Description of the task → Could you transcribe all of the data exactly and skip any pictures?

Supplied information →
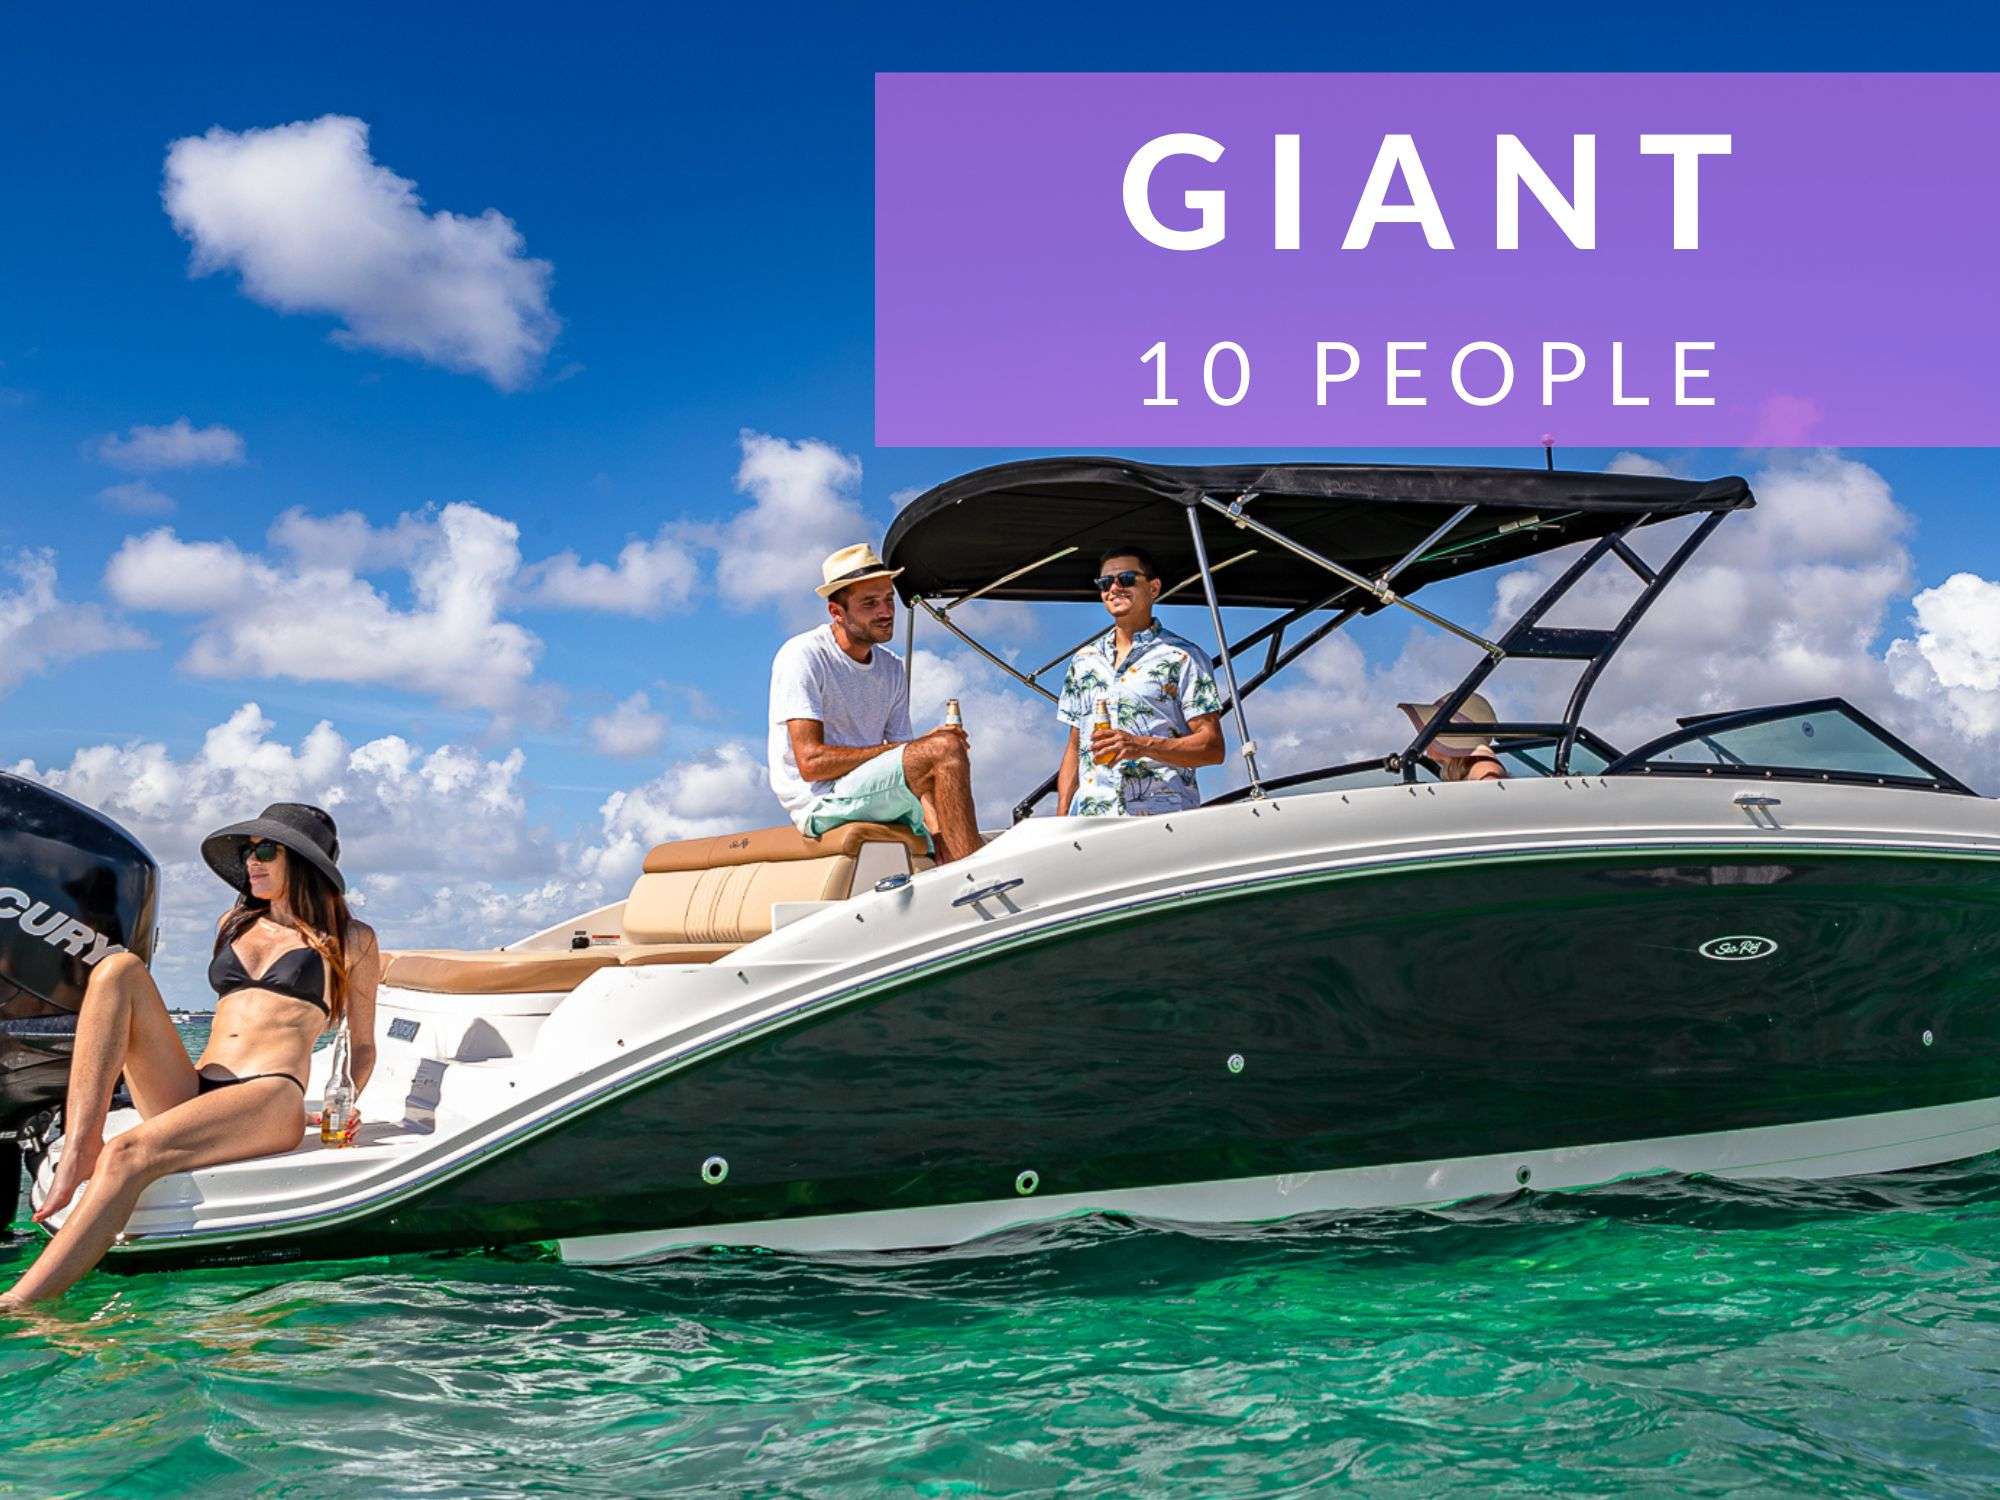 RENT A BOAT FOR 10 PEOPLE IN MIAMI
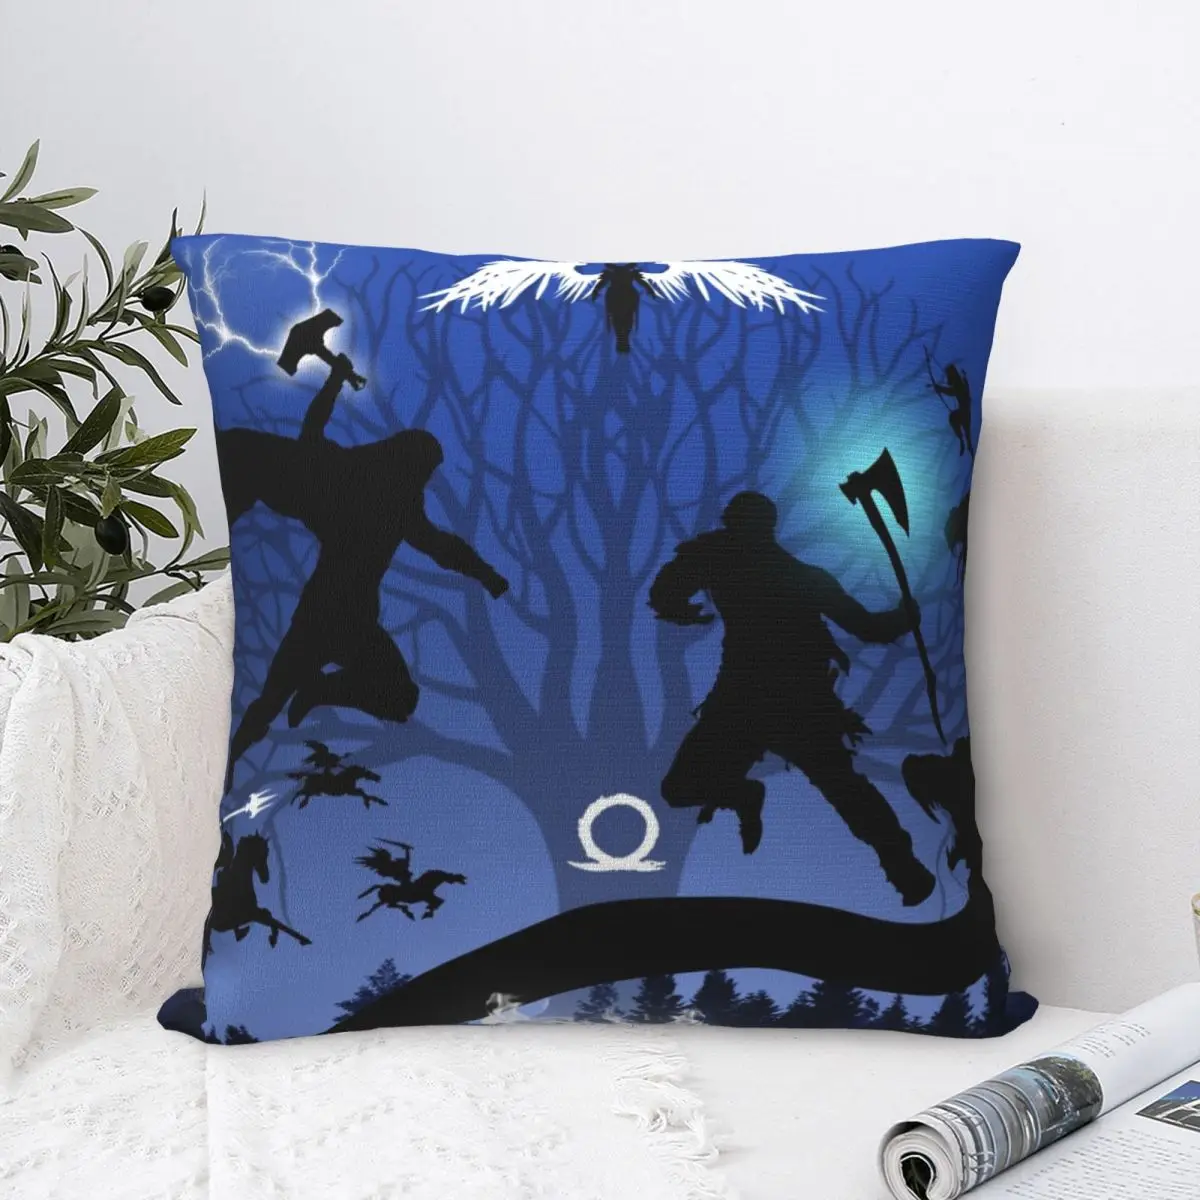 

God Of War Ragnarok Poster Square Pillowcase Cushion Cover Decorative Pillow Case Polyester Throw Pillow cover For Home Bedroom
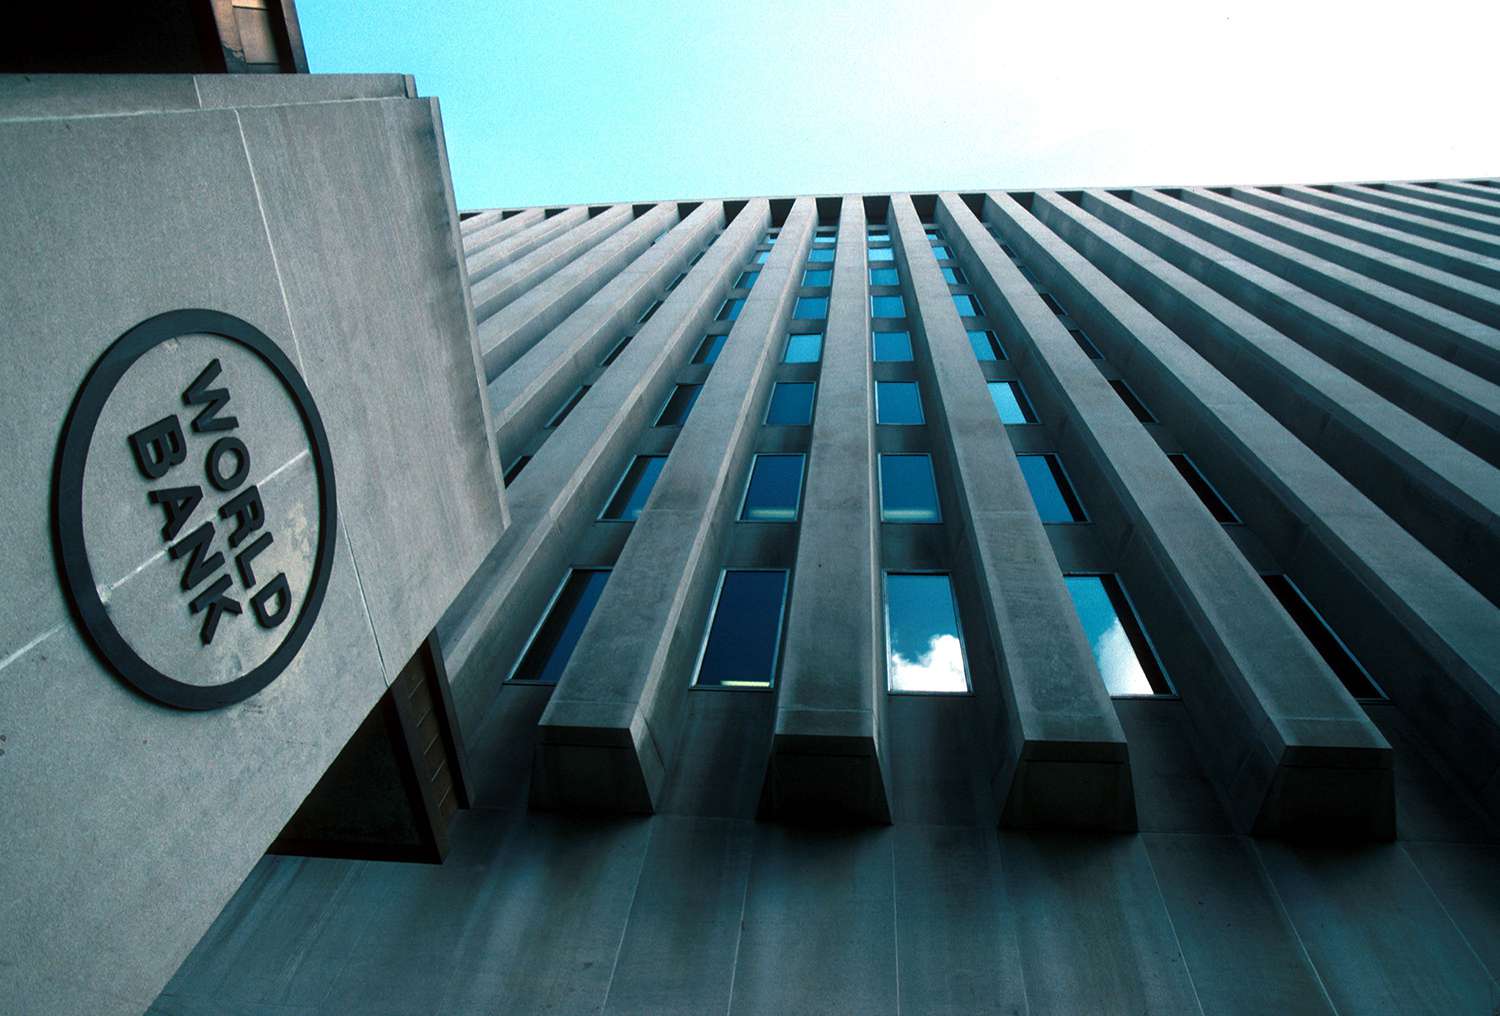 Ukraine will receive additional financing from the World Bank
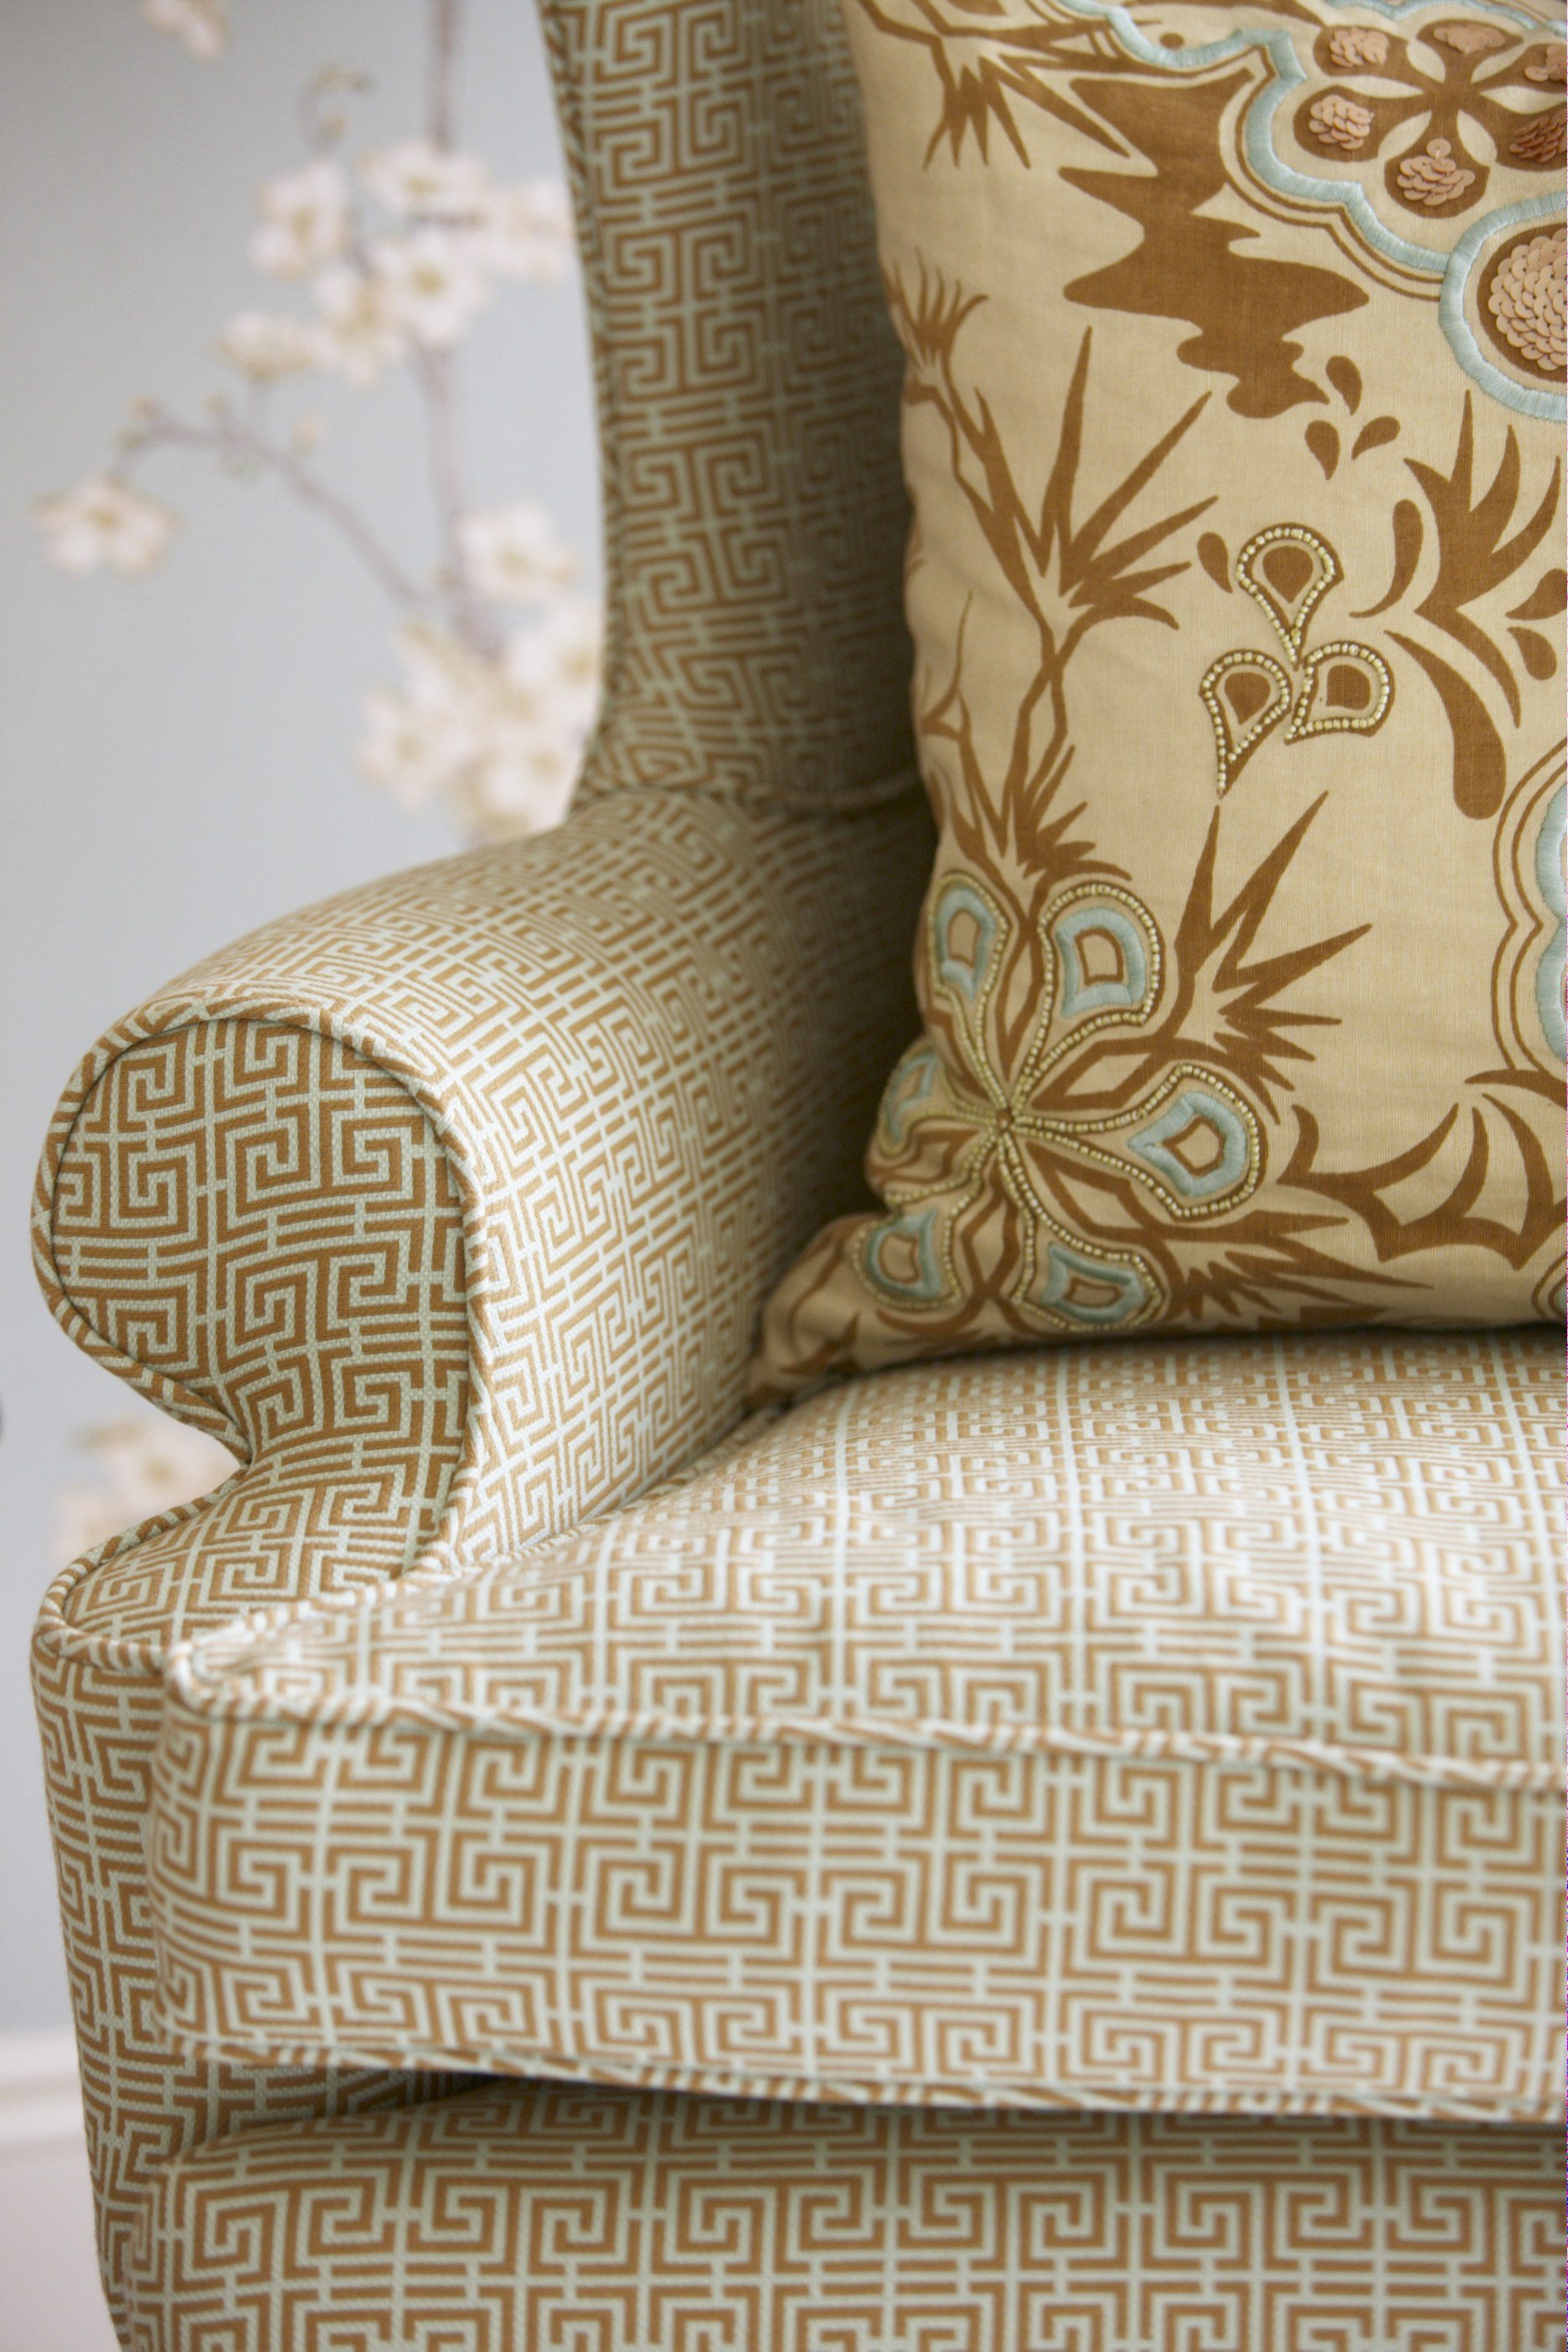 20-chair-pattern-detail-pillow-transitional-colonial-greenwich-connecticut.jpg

Output →
 RENT A BOAT FOR 10 PEOPLE IN MIAMI

God Of War Ragnarok Poster Square Pillowcase Cushion Cover Decorative Pillow Case Polyester Throw Pillow cover For Home Bedroom
 Ukraine will receive additional financing from the World Bank
 20-chair-pattern-detail-pillow-transitional-colonial-greenwich-connecticut.jpg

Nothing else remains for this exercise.